Спустя двадцать минут, не дав себе возможности передумать, он с бешено колотящимся сердцем отправил письмо и захлопнул ноутбук. Резко, как будто чего-то боялся. Как будто иначе оттуда вылезет какая-нибудь тварь или мир перевернётся. Казалось, что должна последовать реакция самой судьбы или мироздания. Гром, например, или что-то ещё, что прямым текстом скажет, что это дурацкая идея. Но Земля продолжала вращаться, и Дин откинулся на спинку стула, выдыхая скопившееся напряжение.
Он не ждал сиюминутного ответа Сэма. Он вообще не ждал ответа. И, в общем-то, ни на что не надеялся. Лишь хотел верить, что не сделал хуже.
Сэм
Он с головой погрузился в работу.
За те несколько недель, пока он был словно парализован и едва функционировал, в магазине накопилось много дел. Том справлялся как мог и делал всё, что в его силах, но он работал на полставки и был подростком, у которого явно нашлись бы занятия поинтереснее, чем разбираться с завалами пыльных книг и кипами бумаг.
Вернуться к работе было приятно. Сэм переживал, что теперь, когда он снова стал собой, он не сможет управляться как раньше, но всё было в порядке. От той, нереальной жизни ему остались не только воспоминания, но и знания с навыками.

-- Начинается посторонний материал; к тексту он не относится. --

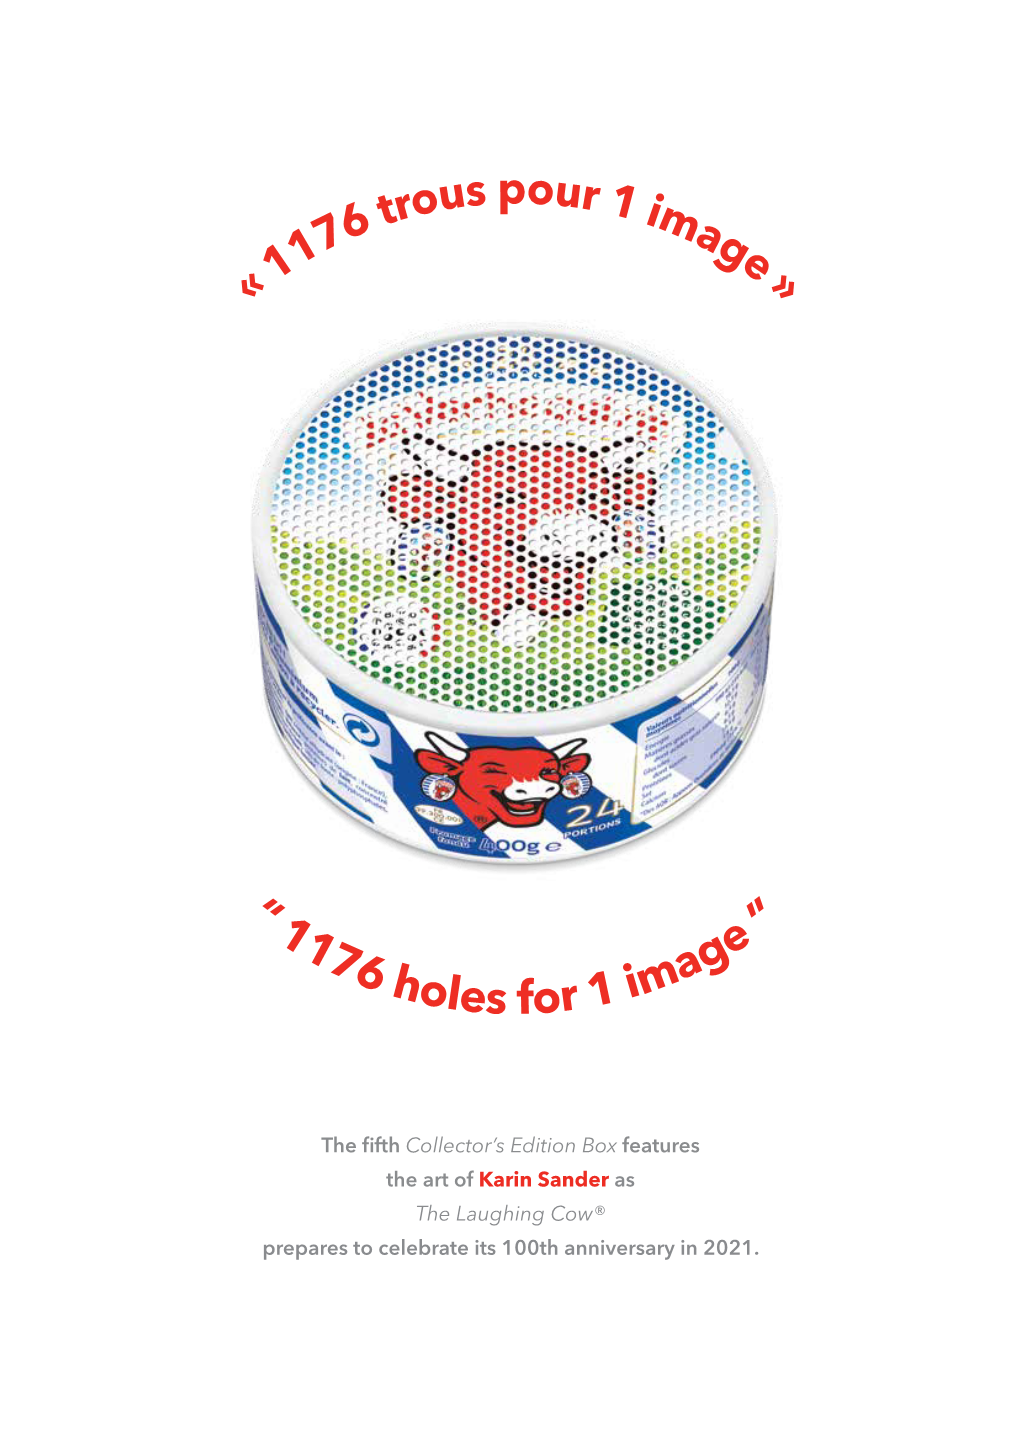 “ 1176 Holes for 1 Image ”

Так что после закрытия он снова засиживался допоздна, ковырялся в документах, оформлял заявки и общался с поставщиками. Холли такой расклад не очень устраивал, поэтому нередко Сэм брал её с собой на работу, где она днём развлекала посетителей, а вечером спала на лежанке в кабинете.
Жизнь налаживалась, и эта новая жизнь его вполне устраивала. Может, она и была довольно однообразной и даже порой скучной, Сэму это нравилось. И иногда он ловил себя на мысли, что мог бы стать здесь счастливым.
Мог бы и уже был бы, если бы не память о том, что сделал Дин. Если бы, приходя домой, его не накрывало отчаянием и безнадёжностью. Но человек привыкает ко всему. И жить с хронической болью тоже. Сэму ли об этом не знать. Поэтому он просто терпел и ждал, когда наступит ремиссия.
Но у судьбы явно были другие планы.
***
Новое письмо на рабочем имейле он открыл не задумываясь. Спам сюда практически не приходил, а с незнакомых аккаунтов писали только самые отчаявшиеся найти нужную книгу, но не настолько редко, чтобы к подобному относиться с подозрением.
Хорошо, что рабочий день уже закончился и он был в магазине один.
Лёгкие превратились в камень, стоило только увидеть первые слова. Он сразу же понял, от кого оно, и хотел закрыть и удалить, но продолжил читать, то ли ведомый любопытством, то ли мазохизмом.
Привет, Сэмми.
Хотя могу ли я тебя теперь так называть? Не знаю. И не знаю, прочтёшь ли ты это письмо или удалишь. Может, и не увидишь, но хочется верить, что всё же да.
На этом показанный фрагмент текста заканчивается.